Он попробовал представить, что сейчас вечер, – внешне было похоже. И никак не получалось – не хватало этого напряжения. Он озяб и вернулся спать.
И сон продолжался. Он уже лез на дерево, и все вокруг раскачивалось. Болели ладони – совсем как в детстве, когда лазал на высокие дубы с глубокой и грубой корой.
Ничего не горело – все было обычным, только странно покачивалось. И он лез по суку, обняв его, все дальше и дальше от ствола. Сук становился тоньше с каждым усилием. Он полз и знал, что надо приостановиться и вспомнить, зачем он здесь, и если этого не сделать, то случится что-то страшное, чего он боится. Но никак не мог приостановиться, и только с каждым новым мгновением все больше и больше чувствовал, что вот-вот – и будет поздно. Надо обязательно вспомнить, зачем он залез сюда, – но полз и не мог остановиться. Сук качался все больше, это был уже и не сук, а пучок веток на его конце. И они не возвращаются в верхнее положение, а свисают тяжело книзу. И он свисает вместе с ними – успевает посмотреть на свои руки.

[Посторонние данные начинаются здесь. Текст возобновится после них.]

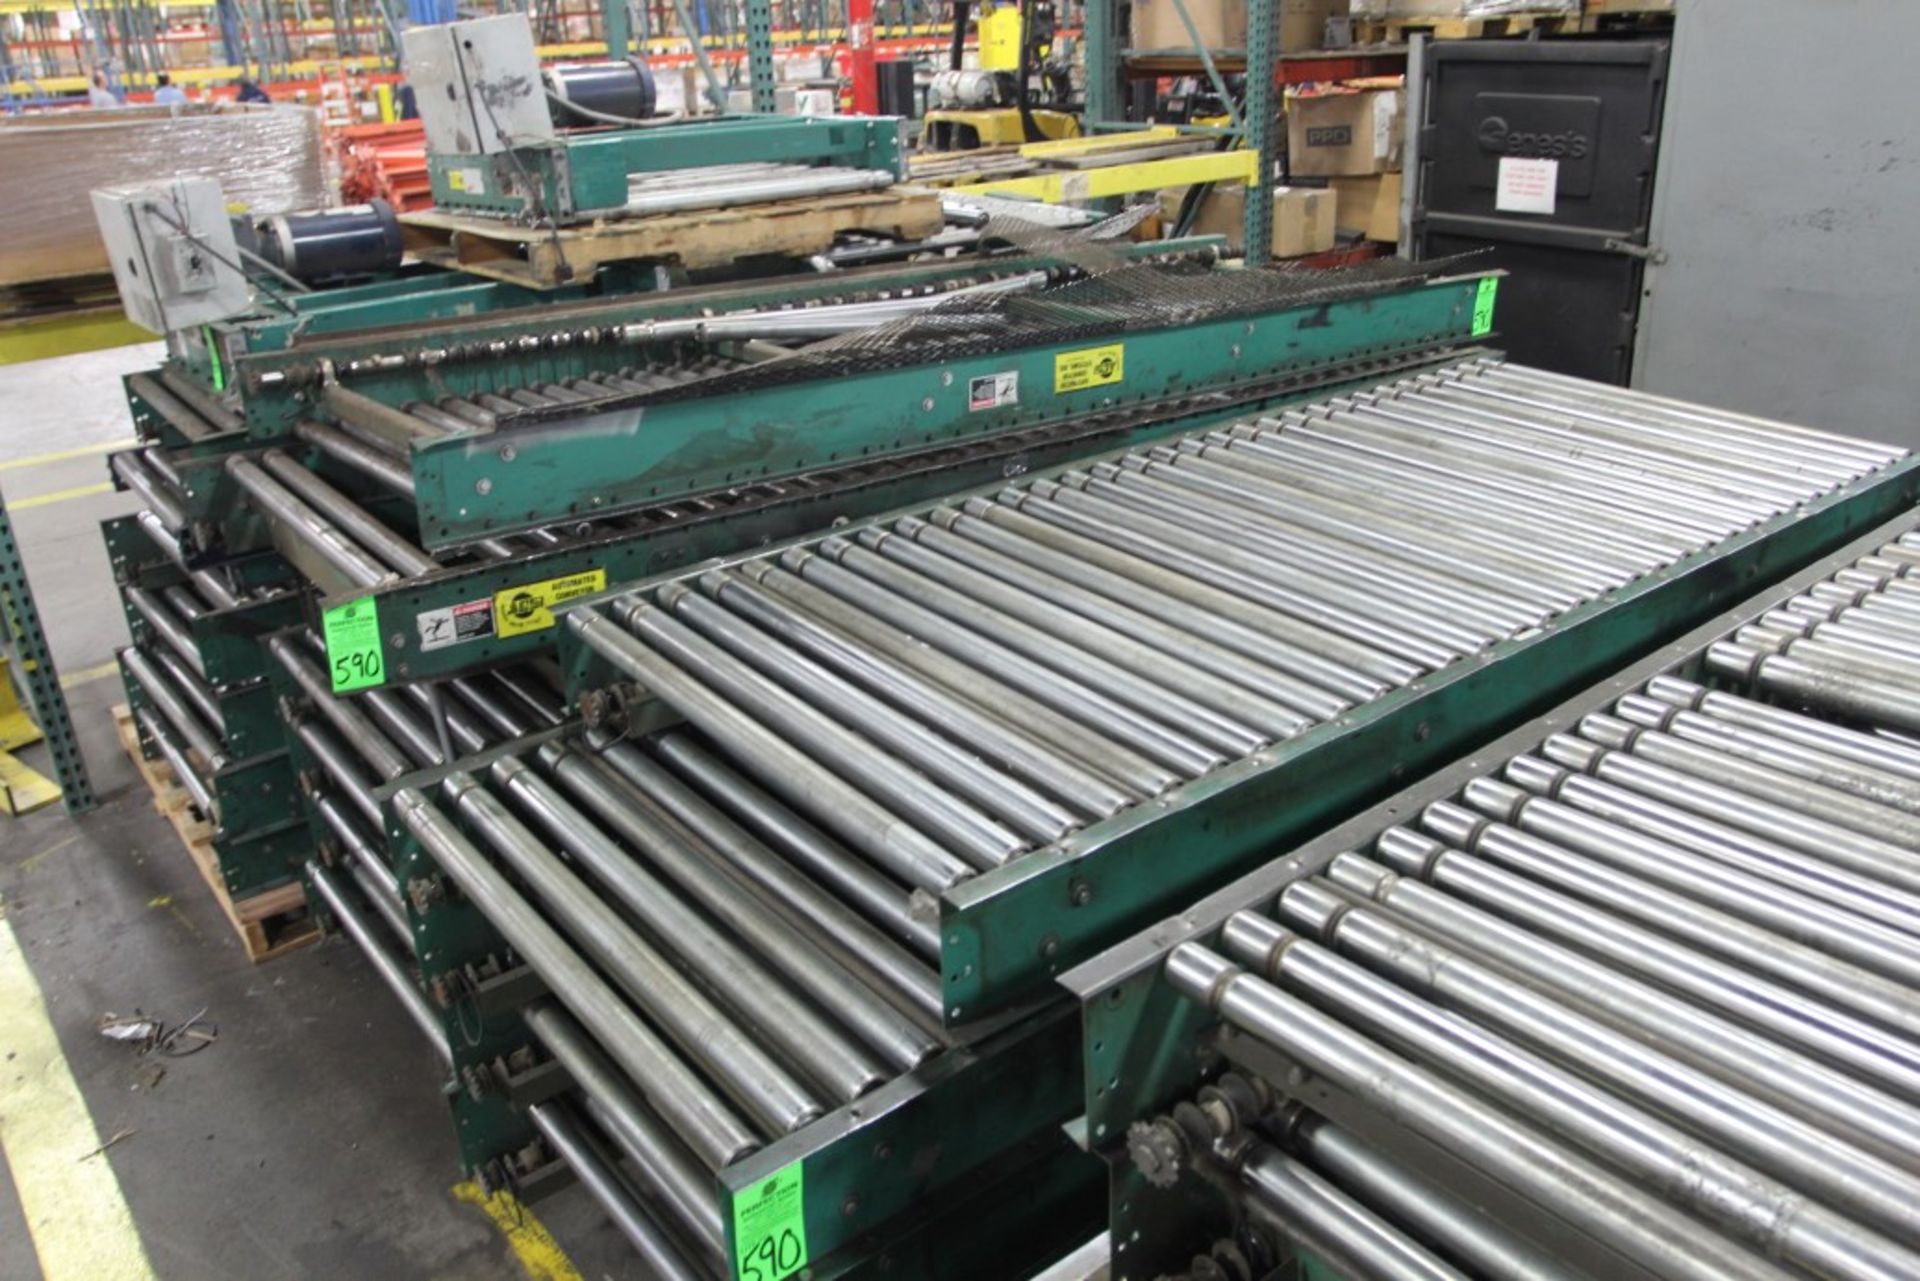 Assembly Line Conveyor System, Comprising 38" Ball Type Conveyor, 38" Roller Conveyor Sections, - Image 4 of 5

Под ладонями – стершиеся листья. Он думает: «Это все, что меня держит», – и начинает вспоминать.
– Как же долго я вспоминаю – листья же совсем слабые…

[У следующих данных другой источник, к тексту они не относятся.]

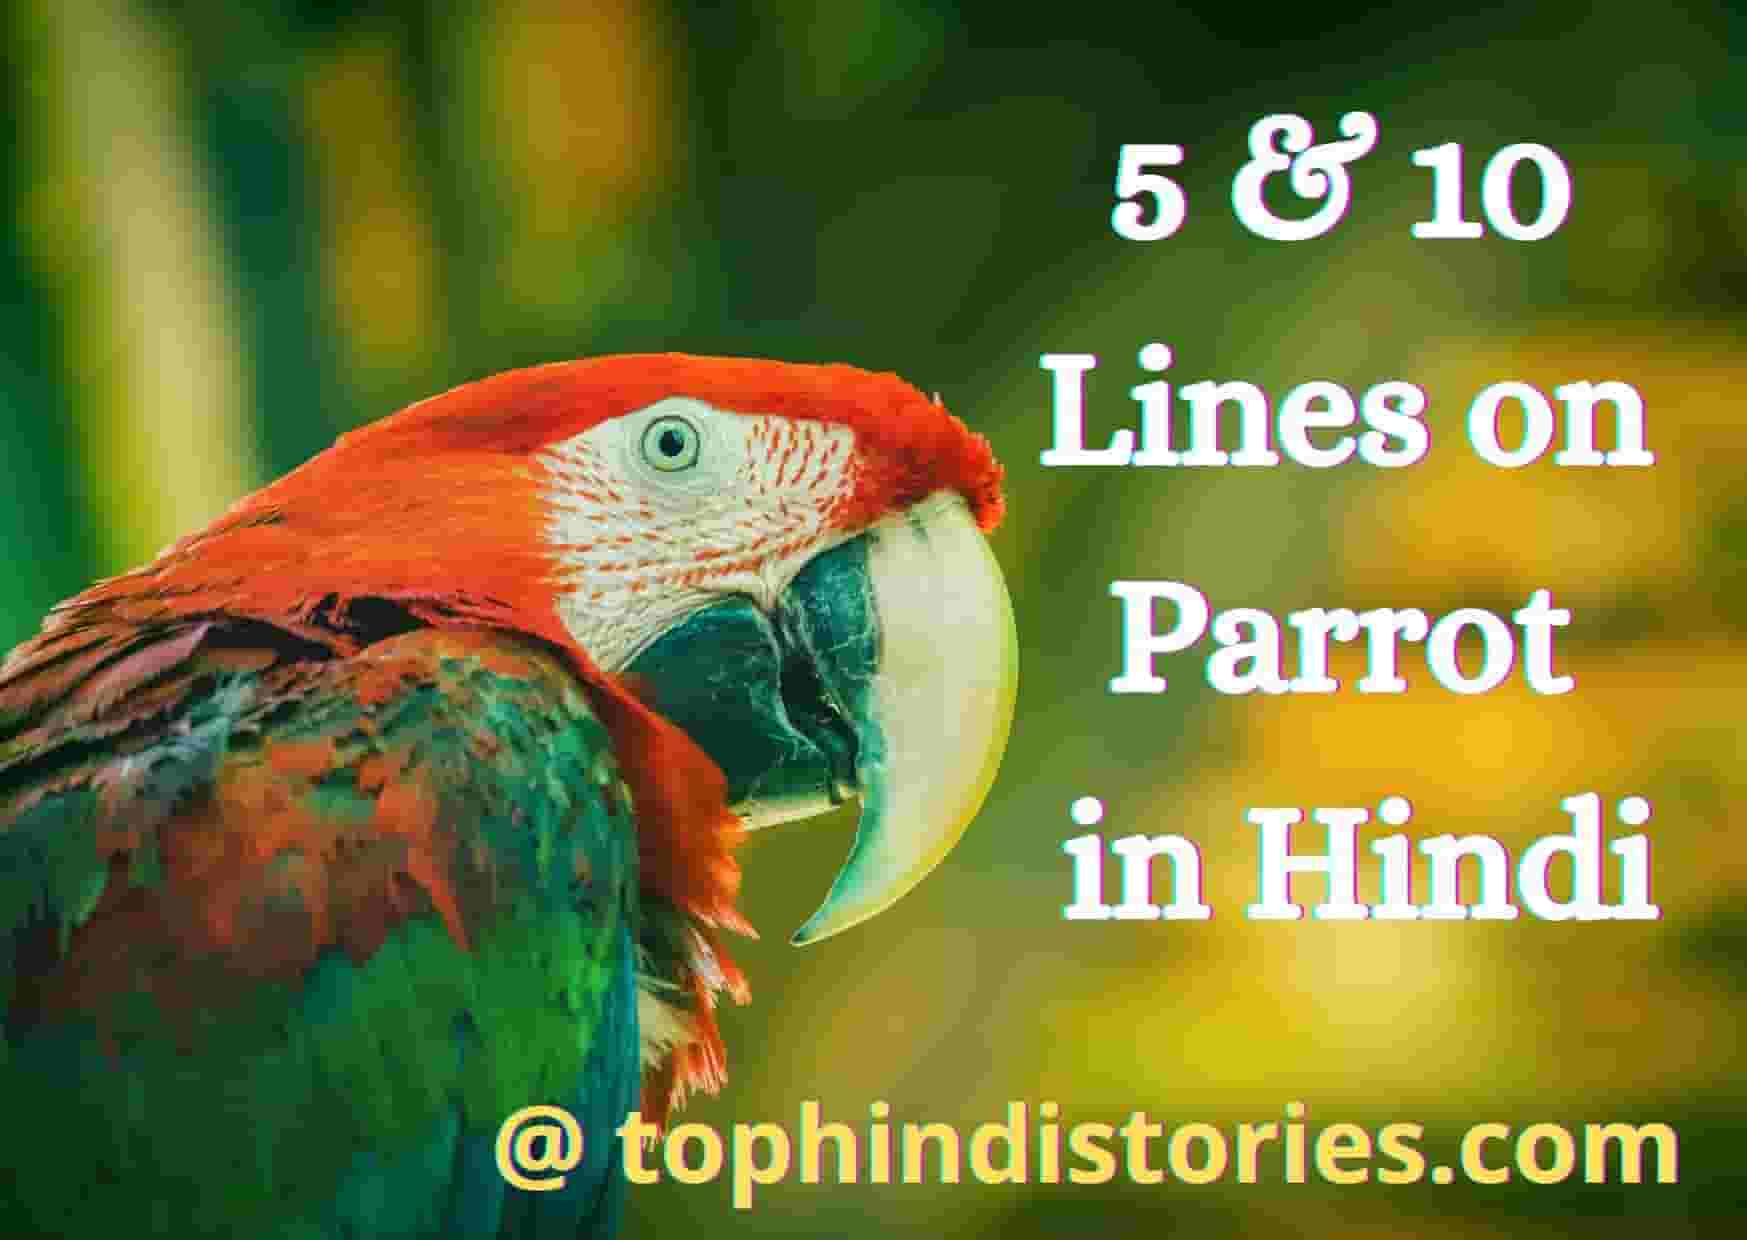 5 & 10 lines on parrot in Hindi

Он вспоминал – это были и не воспоминания, а такие же сны. Но он явно знал, что все это с ним было на самом деле. И остального ничего не было, а были только эти воспоминания.

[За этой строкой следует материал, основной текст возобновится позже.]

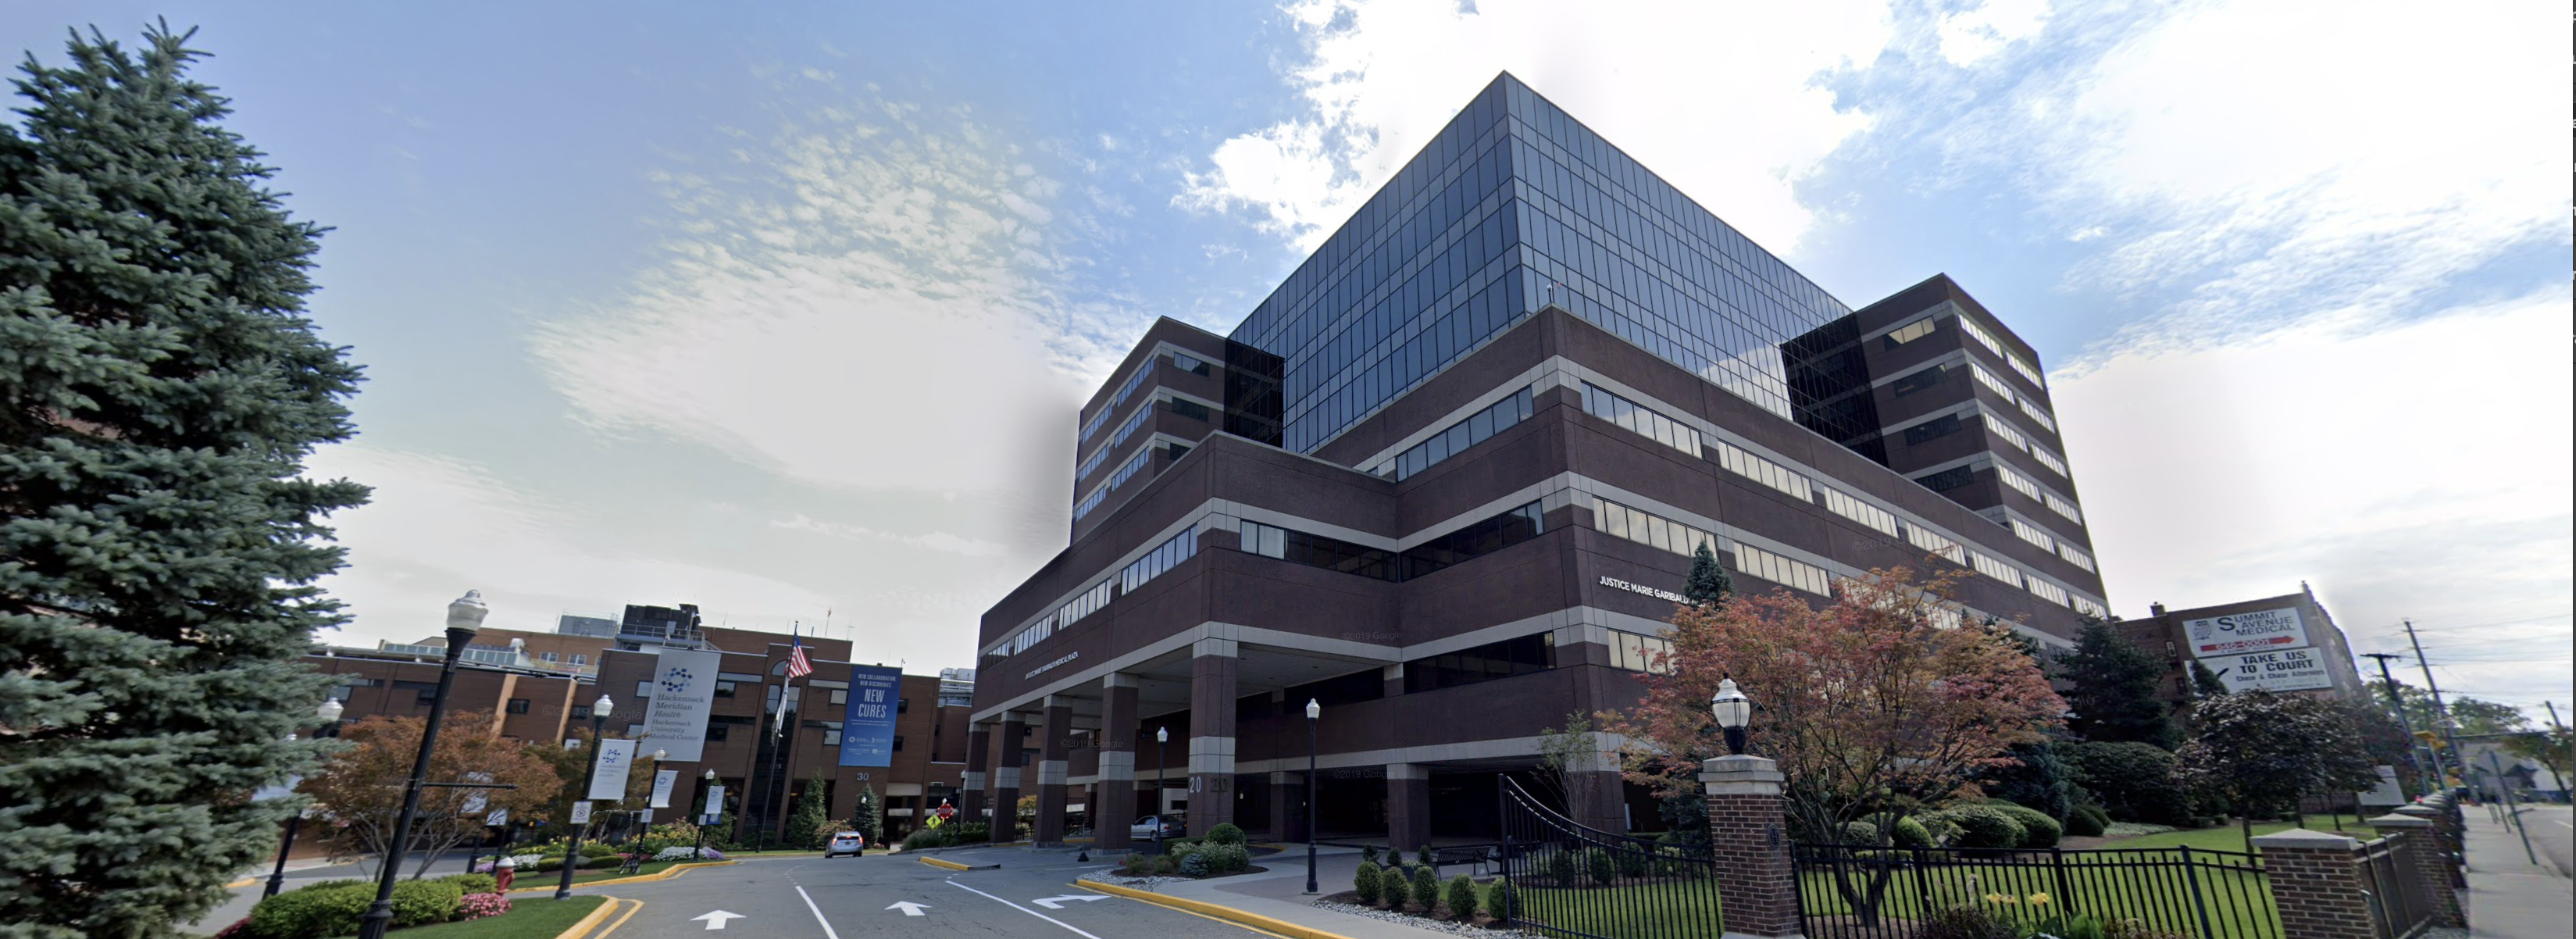 Hackensack office building - New Jersey Brain and Spine - Bergen County, NJ

Они с братом топят баню. На дворе холод, и они хотят согреться в бане. Уже все готово – они залезли на полок. Сейчас он поддаст пару. Берет ковш и плещет на камни. Вода не шипит. Она стекает по камням, и в бане становится еще холоднее. Он опять льет воду, и становится по-настоящему холодно, безо всякой надежды… Что делать – одеваться?.. И от этой мысли становится страшно и безвыходно.
И он вспоминает дальше.
Он видит ее – она такая родная и близкая, что он не может ничего сказать, только смотрит на нее и боится, что она отойдет куда-нибудь, он даже не дышит. Возле них маленький мальчик – наверное, их сын. Мальчик совсем маленький, ничего не понимает и куда-то пошел – в сторону. Ее глаза провожают немного ребенка, и она хочет побежать за ним. Но ее не пускают сильные руки – они обняли и никак не могут разжаться. Он так сильно обнял – и не может отпустить. Она вырывается, а мальчик уходит, и вот уже совсем его не стало видно. Хочется кричать, а голоса нет. И все так ясно, как рано утром – и холодно так же, и напряжение во всем. И он понимает, что это страх, безысходный страх.
Отец ему рассказывает свой сон: еще молодой, он бежит по огромному полю, и так легко бежать, что ноги срываются и едва касаются земли. Легкость во всем: и в его теле, и воздухе, и земля такая невесомая под ногами. Отец бежит, все больше размахивает руками, и ног уже не слышит – и взлетает. И летит над землей, не чувствуя тела, только воздух пощипывает глаза.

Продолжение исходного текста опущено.